Legendre symbol of $(-3/p)$.

Question

Question. Show $$\Big(\frac{-3}{p}\Big)=\begin{cases}+1 & p\equiv 1\bmod 3,\\ -1 & p\equiv 2\bmod 3. \end{cases}$$

Attempt. So, using the established results of $$\Big(\frac{3}{p} \Big) = \begin{cases}+1 & p\equiv\pm1\bmod 12,\\ -1 & p\equiv\pm5\bmod 12,\end{cases}$$ $$\Big(\frac{-1}{p}\Big)=\begin{cases}+1 & p\equiv1\bmod 4,\\ -1 & p\equiv3\bmod 4,\end{cases}$$ and observing that $$\Big(\frac{-1}{p} \Big) = \begin{cases}+1 & p\equiv1,5\bmod 12,\\ -1 & p\equiv7,11\bmod 12,\end{cases}$$ we get $$\Big(\frac{-3}{p}\Big)=\begin{cases}+1 & p\equiv 1,7\bmod 12,\\ -1 & p\equiv 5,11\bmod 12. \end{cases}$$ Providing I've carried this out right; how can I reduce this further so it is in the form of modulo $3$?

Answer 1

You have that $p\equiv 1,7\pmod{12}$ if and only if $p\equiv 1\pmod{3}$ and $p$ odd.

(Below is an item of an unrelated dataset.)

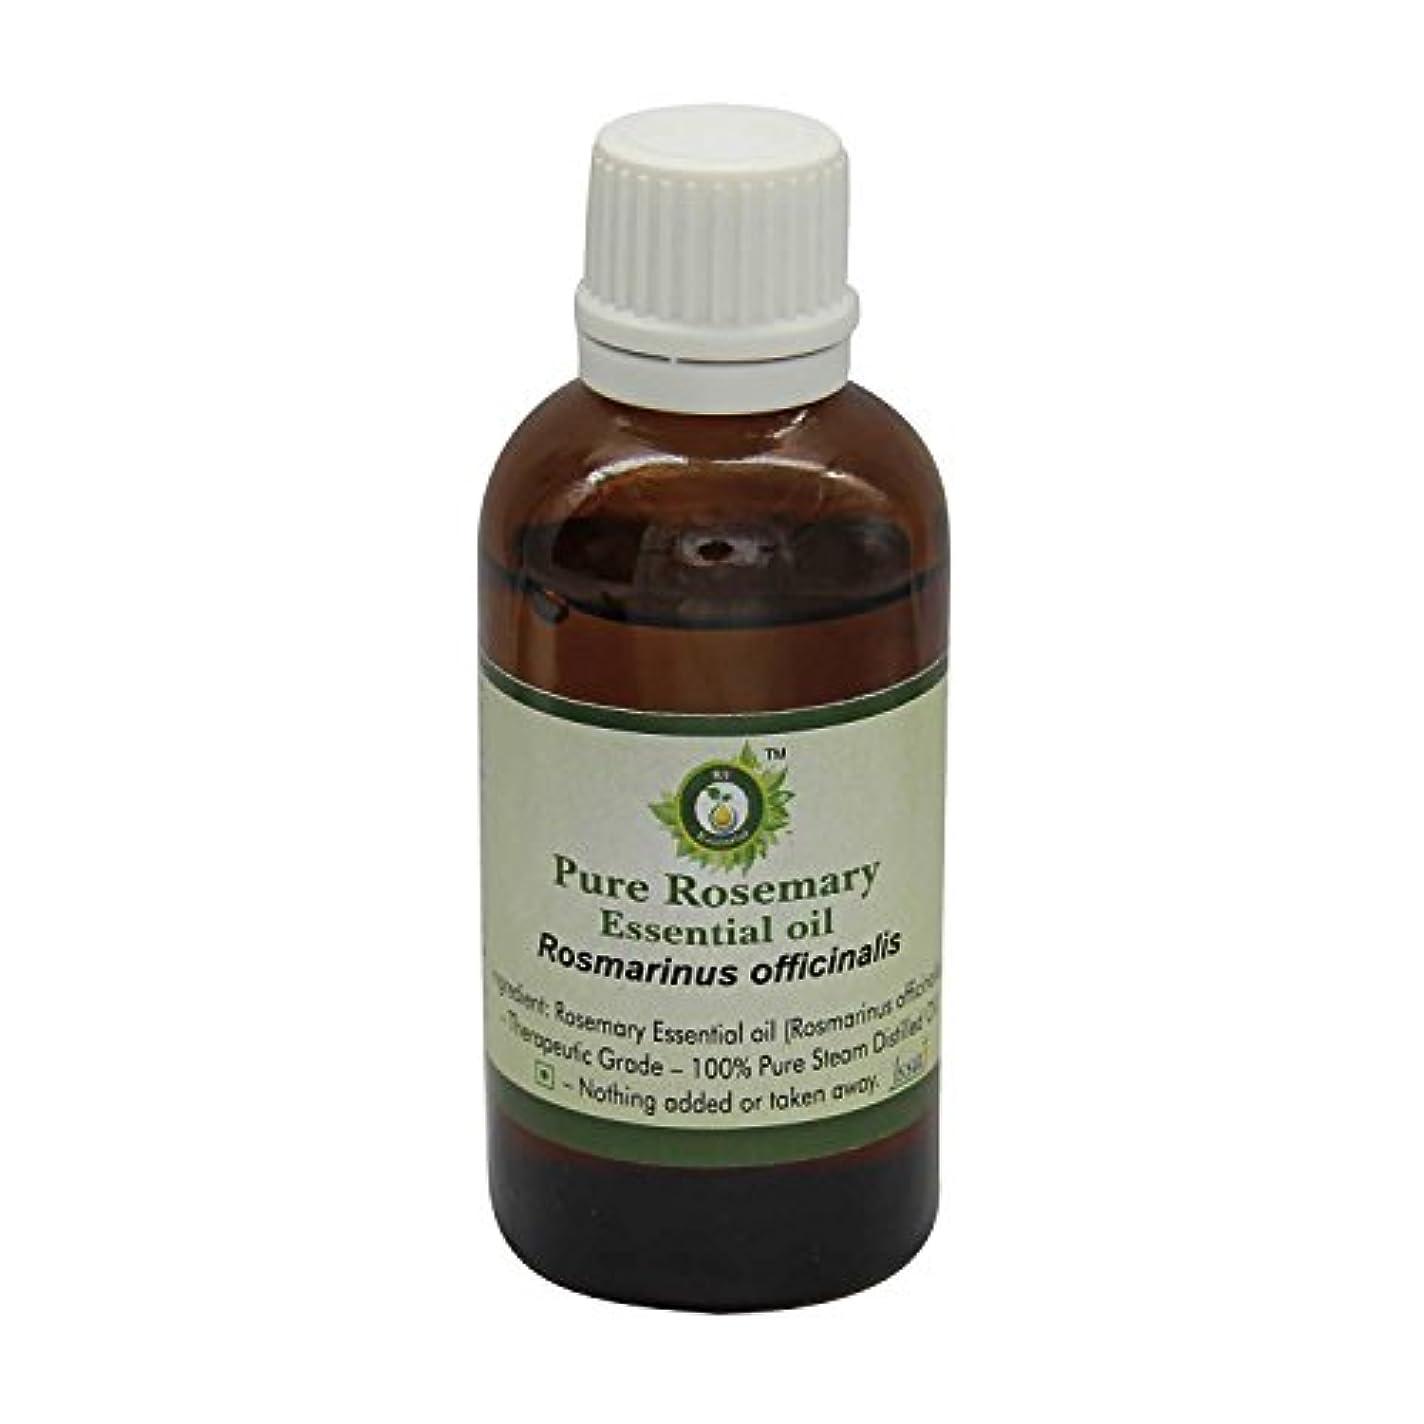 問い合わせる遠え教会R V Essential ピュアローズマリーエッセンシャルオイル30ml (1.01oz)- Rosmarinus Officinalis (100%純粋&天然スチームDistilled) Pure Rosemary...
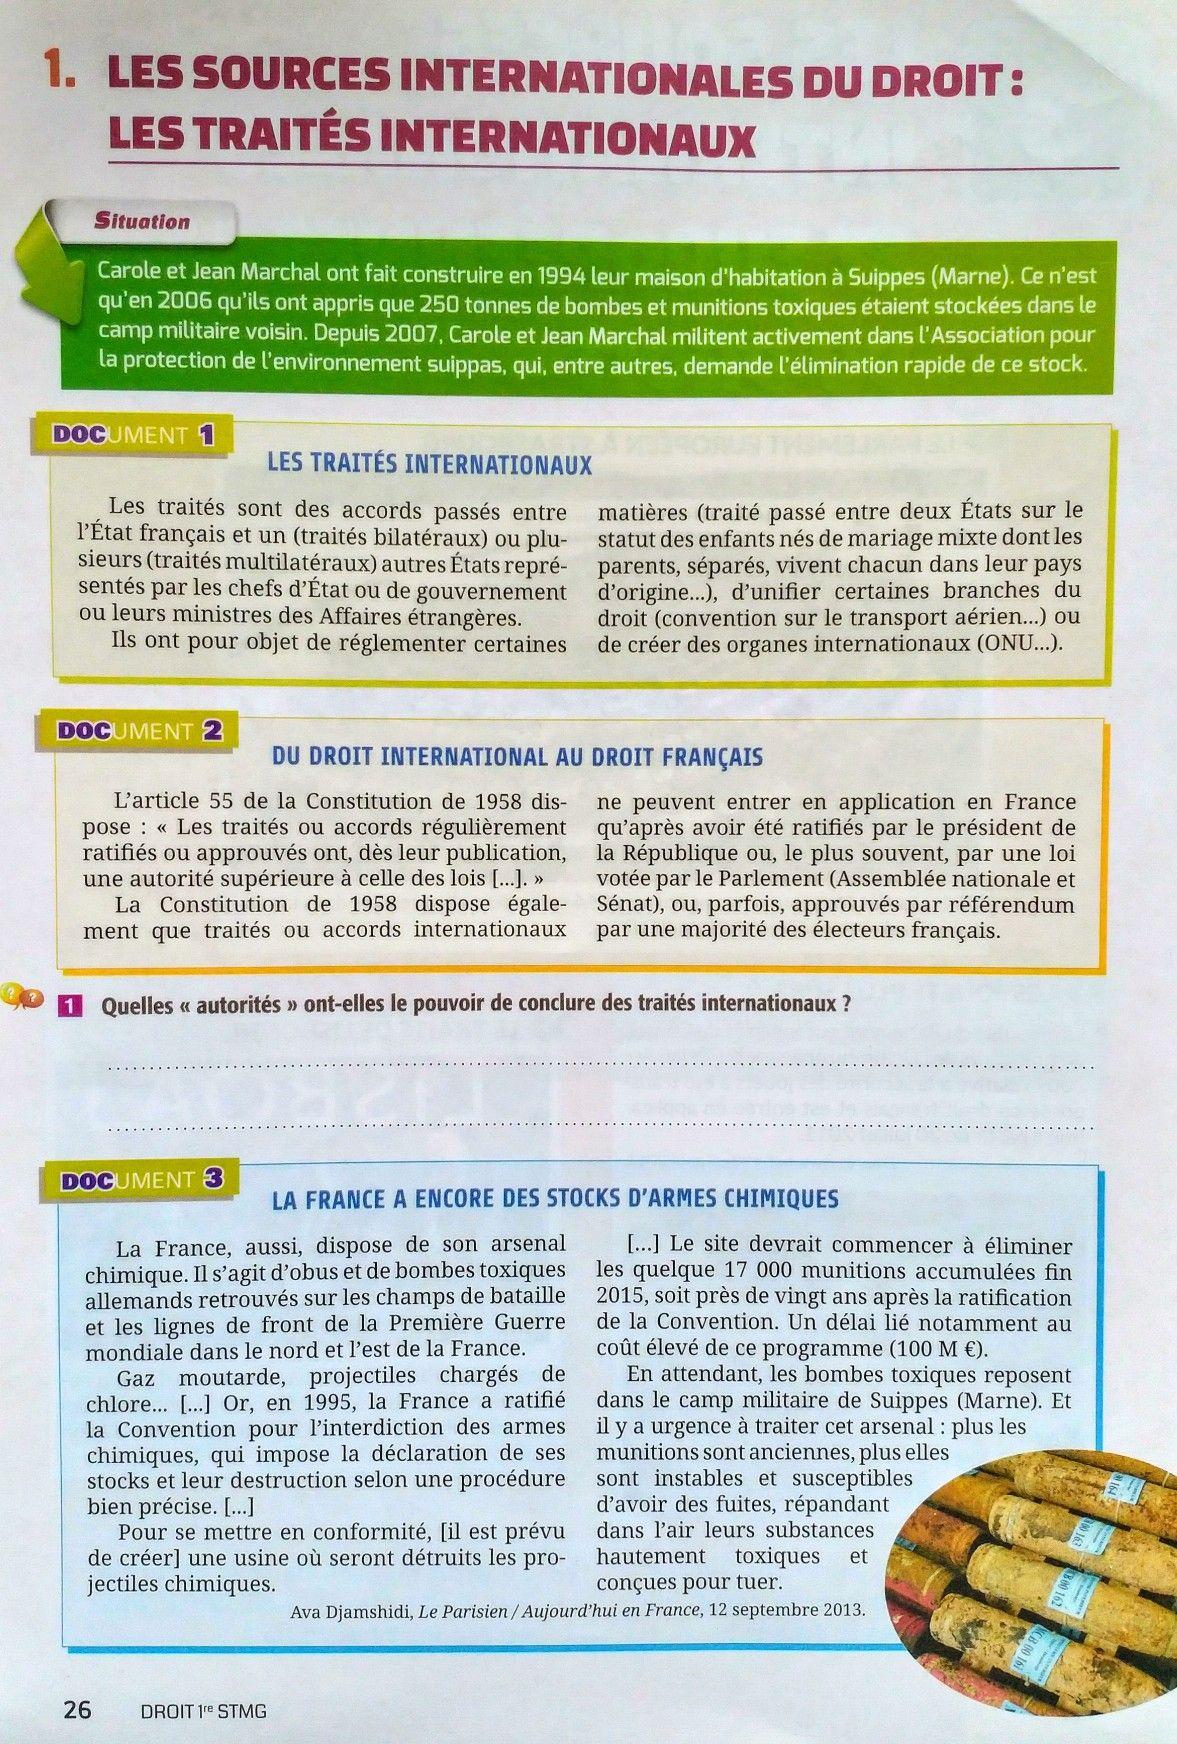 Annexe 2 Cour De Droit Sociologie Separation Pouvoir Dissertation Constitutionnel

Similarly for $p\equiv 5,11\pmod{12}$ and $p$ odd with $p\equiv 2\pmod{3}.$\

There is an easier approach if you know quadratic reciprocity:

$$\begin{align}\left(\frac{-3}{p}\right)&=\left(\frac{-1}{p}\right)\left(\frac{3}{p}\right)\\ &=\left(-1\right)^{\frac{p-1}{2}}\left(-1\right)^{\frac{p-1}{2}\frac{3-1}{2}}\left(\frac{p}{3}\right)\\ &=(-1)^{p-1}\left(\frac p3\right)\\&=\left(\frac{p}{3}\right) \end{align}$$

More generally, when $q\equiv 3\pmod{4}$ is a prime you get that:

$$\left(\frac{-q}{p}\right)=\left(\frac{p}{q}\right)$$

Answer 2

$p \equiv 1 \bmod 3$ iff $p \equiv 1,4,7,10 \bmod 12$, but $p \not\equiv 4,10 \bmod 12$ because $p$ is odd.

$p \equiv 2 \bmod 3$ iff $p \equiv 2,5,8,11 \bmod 12$, but $p \not\equiv 2,8 \bmod 12$ because $p$ is odd.